The production version will be released on Wednesday.

Deploy this version​

docker run litellm
docker run \
-e STORE_MODEL_IN_DB=True \
-p 4000:4000 \
ghcr.io/berriai/litellm:v1.73.0.rc.1

TLDR​

  • Why Upgrade
    • Passthrough Endpoints v2: Enhanced support for subroutes and custom cost tracking for passthrough endpoints.
    • Health Check Dashboard: New frontend UI for monitoring model health and status.
    • User Management: Set default team for new users - enables giving all users $10 API keys for exploration.
  • Who Should Read
    • Teams using Passthrough Endpoints
    • Teams using User Management on LiteLLM
    • Teams using Health Check Dashboard for models
    • Teams using Claude Code with LiteLLM
  • Risk of Upgrade
    • Low
      • No major breaking changes to existing functionality.

Key Highlights​

Passthrough Endpoints v2​


This release brings support for adding billing and full URL forwarding for passthrough endpoints.

Previously, you could only map simple endpoints, but now you can add just /bria and all subroutes automatically get forwarded - for example, /bria/v1/text-to-image/base/model and /bria/v1/enhance_image will both be forwarded to the target URL with the same path structure.

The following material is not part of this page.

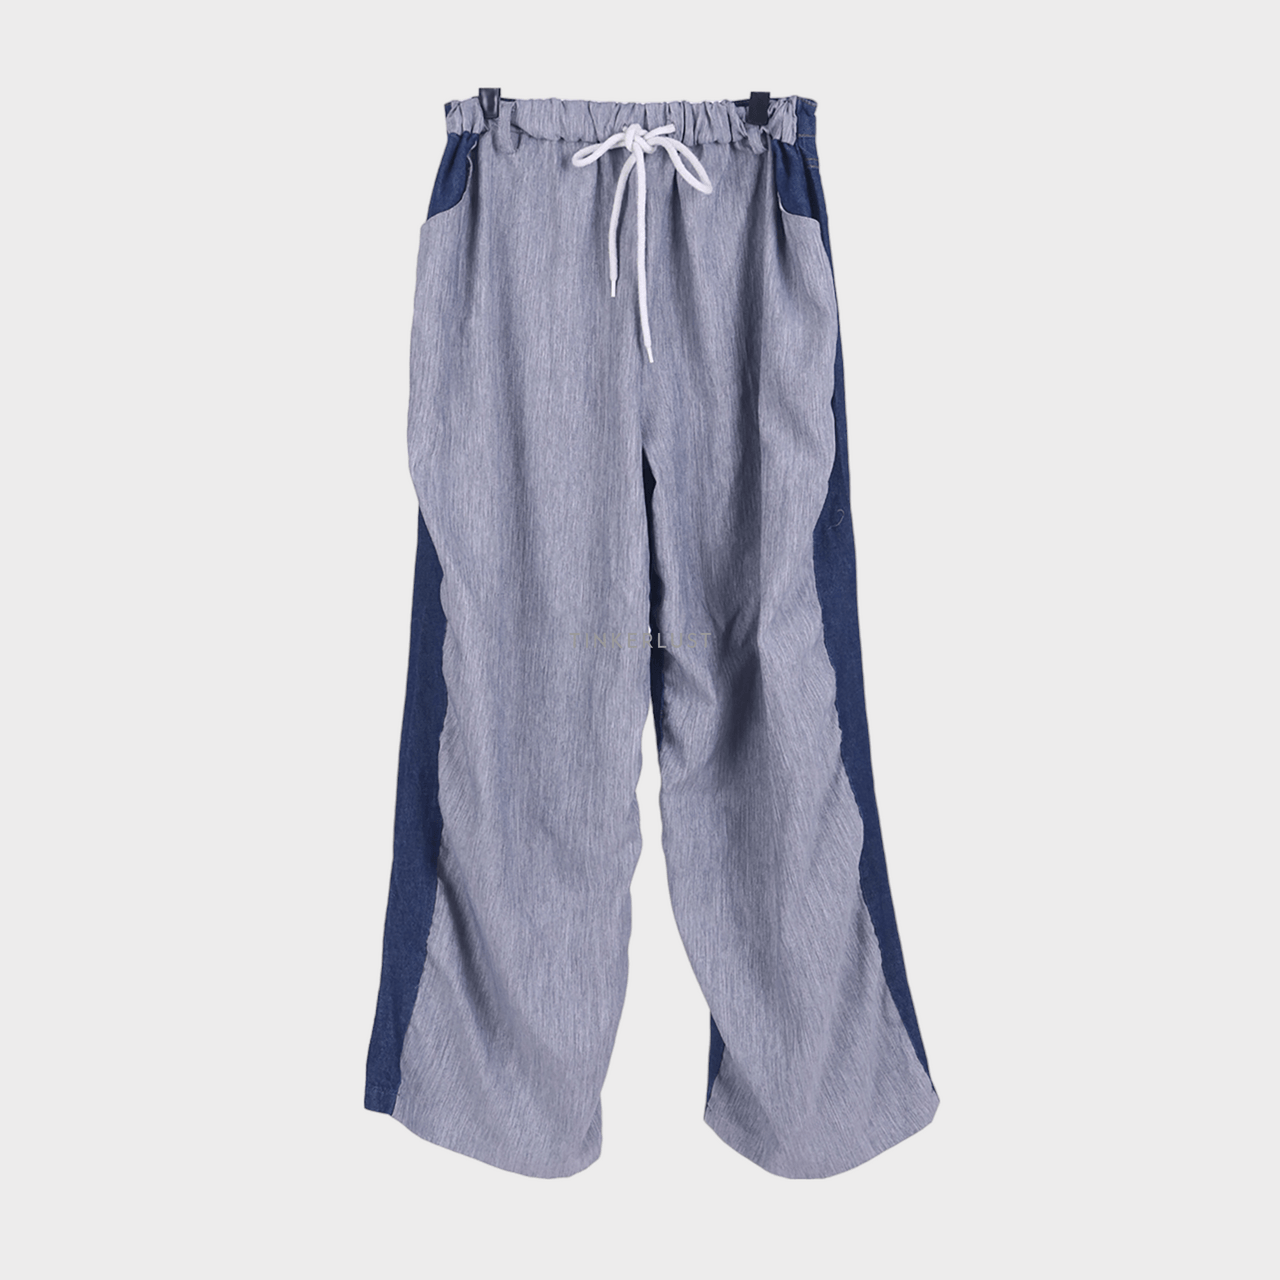 Cotton Ink Blue & Grey Long Pants

This means you as Proxy Admin can onboard third-party endpoints like Bria API and Mistral OCR, set a cost per request, and give your developers access to the complete API functionality.

Learn more about Passthrough Endpoints

v2 Health Checks​


This release brings support for Proxy Admins to select which specific models to health check and see the health status as soon as its individual check completes, along with last check times.

This allows Proxy Admins to immediately identify which specific models are in a bad state and view the full error stack trace for faster troubleshooting.

Set Default Team for New Users​


v1.73.0 introduces the ability to assign new users to Default Teams. This makes it much easier to enable experimentation with LLMs within your company, while also ensuring spend for exploration is tracked correctly.

What this means for Proxy Admins:

  • Set a max budget per team member: This sets a max amount an individual can spend within a team.
  • Set a default team for new users: When a new user signs in via SSO / invitation link, they will be automatically added to this team.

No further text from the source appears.